In November 1992, I purchased two $100 Series
EE savings bonds with a combined $200 face value.
The bonds state that interest ceases 30 years
from the date of purchase.
My daughter is now 18 years old
and getting ready to start college this spring.
Can she cash in the bonds or should she wait?
I know it's not a lot, but it can help her toward
buying schoolbooks. Can it be cashed at any bank
and do all banks pay the same? Any help would
be greatly appreciated.
-- Sam Savings
A bank is acting as the agent of the federal government and the savings bonds are worth the same regardless of which bank she picks to redeem them. She can cash her savings bonds at many local financial institutions, but the Treasury doesn't maintain a listing of banks in an area that redeem bonds.
As of Nov. 1, 2007, the combined value of the two $100 bonds was $228.96. She can use the
"Savings Bond Calculator" on the TreasuryDirect Web
site to update this value each month. Her savings bonds, purchased in November 1992, currently earn 4 percent interest.

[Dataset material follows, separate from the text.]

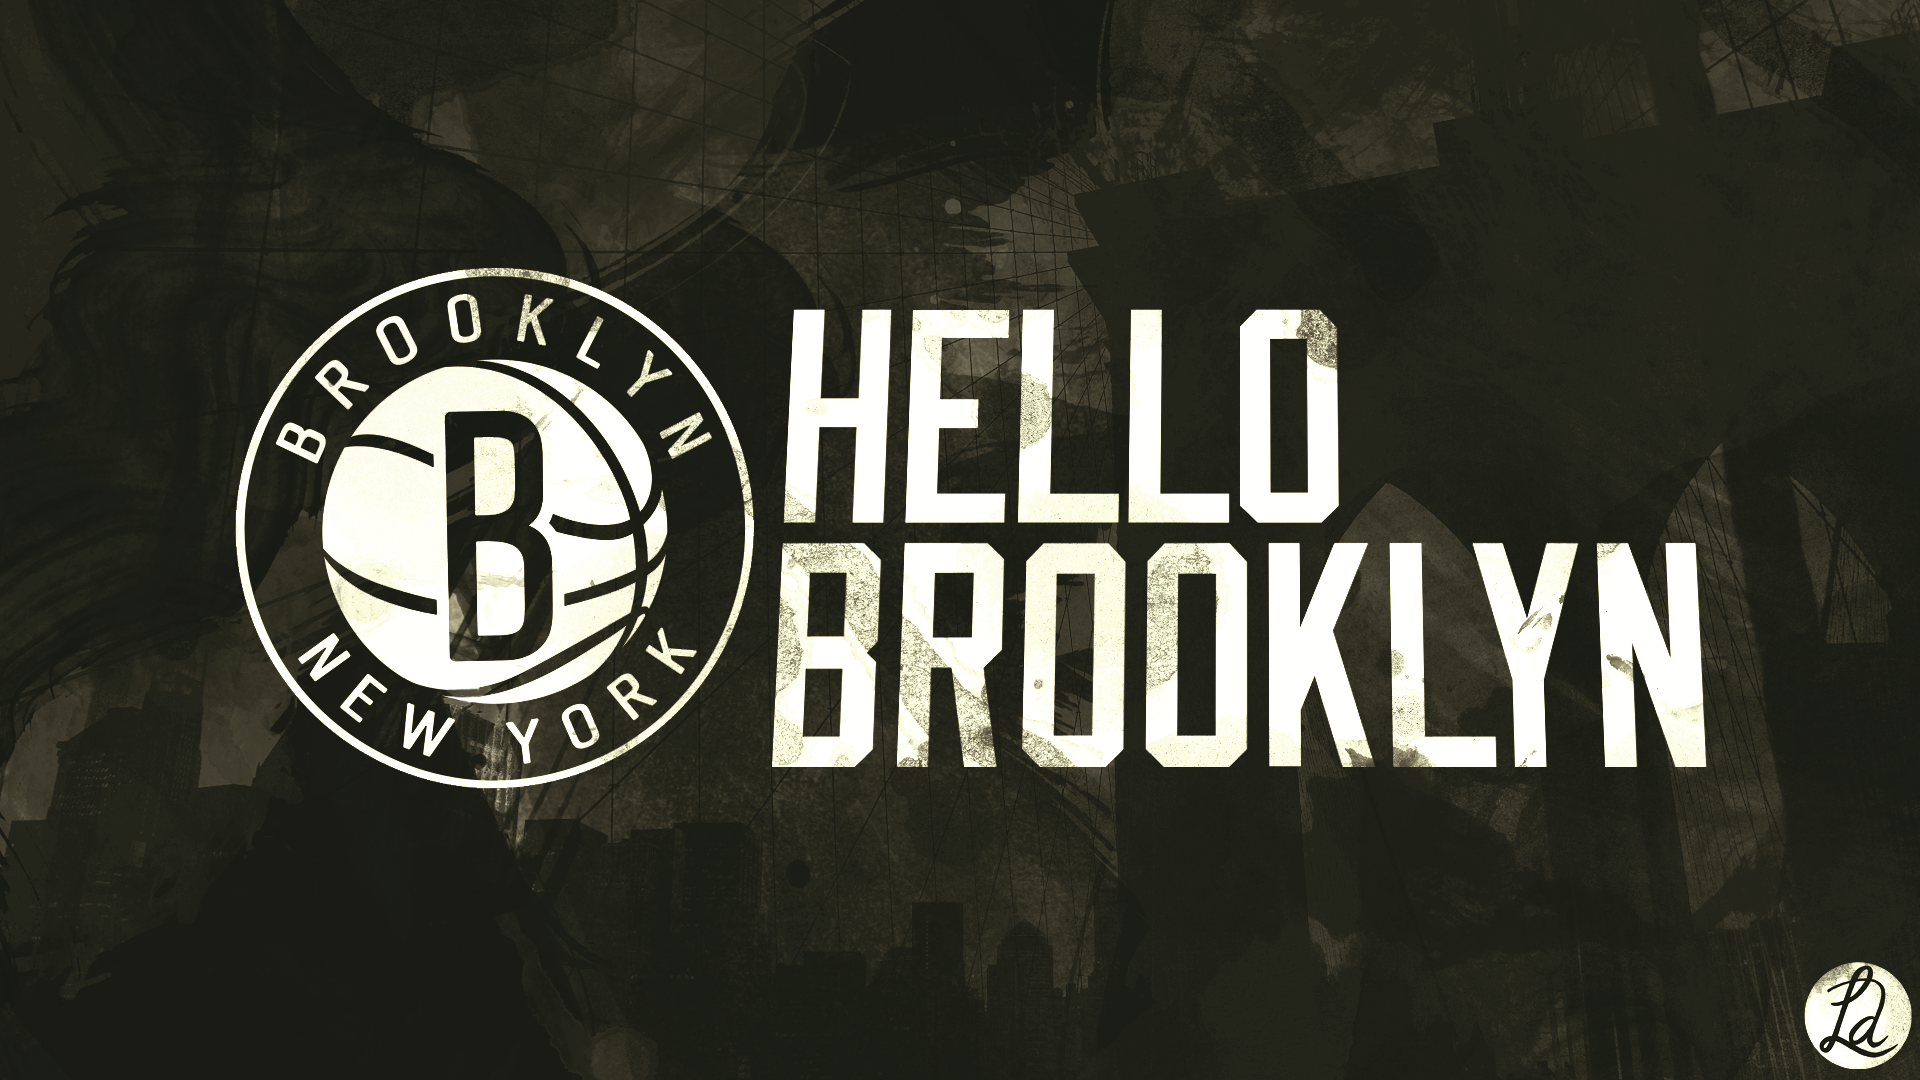 100+] Brooklyn Nets Wallpapers

Timing the redemption can keep her from losing interest income. From the
TreasuryDirect Web site:
Bonds issued May 2005 and after
Series EE Bonds issued May 2005 and after increase in value every month. The bonds’ interest rate is fixed and compounded semiannually.
Bonds issued May 1997 and after (through April 2005)
Series EE Bonds issued May 1997 and later increase in value every month. The bonds' interest rate is compounded semiannually. The rate announced each May and November for these bonds is applied to a bond for the six-month earning period.
Bonds Issued before May 1997
For most bonds issued earlier than May 1, 1997, interest is added every six months.
If you know the month and year when your bond was issued, the tables below will help you determine
when your bonds increase in value.
Series EE Bond Semiannual Interest Accrual Dates
The following bonds increase in value as shown below:
- Series EE Bonds issued before March 1993.
- Series EE Bonds issued May 1995 through April 1997.
- Series EE Bonds issued from March 1993
through April 1995.
|Value increase schedule
|If month of issue is:
||Values increase on 1st day of:
*Please Note: EE Bonds issued March 1993 through April 1995 increased in value monthly the first five years and semiannually after that, unless monthly increases are needed to make sure the bonds earn at least 4%.
It's a good idea to cash
a bond in a month in which interest is added
to its value. For example, a bond with an issue
date of February 1990 increases in value every
Aug. 1 and Feb. 1. If you cash this bond in
July, you'll get the same amount as if you had
cashed it the prior February; but if you wait
until Aug. 1 to cash the bond, you'll get another
six months of interest.
When your daughter redeems her paper savings bonds, the financial institution paying the bonds will report the interest earned to both your daughter and the IRS. You will receive an IRS Form 1099-INT from the financial institution, either at the time she redeems her bonds or shortly after the end of the year in which she redeemed the bonds.
If the bonds were issued in your name with your daughter as beneficiary, you may be able to redeem the bonds to pay for qualified college expenses and not owe federal income tax on the interest earnings. A qualified education expense does not include room and board or books.
The TreasuryDirect Web page on "Education Planning" explains the program in detail.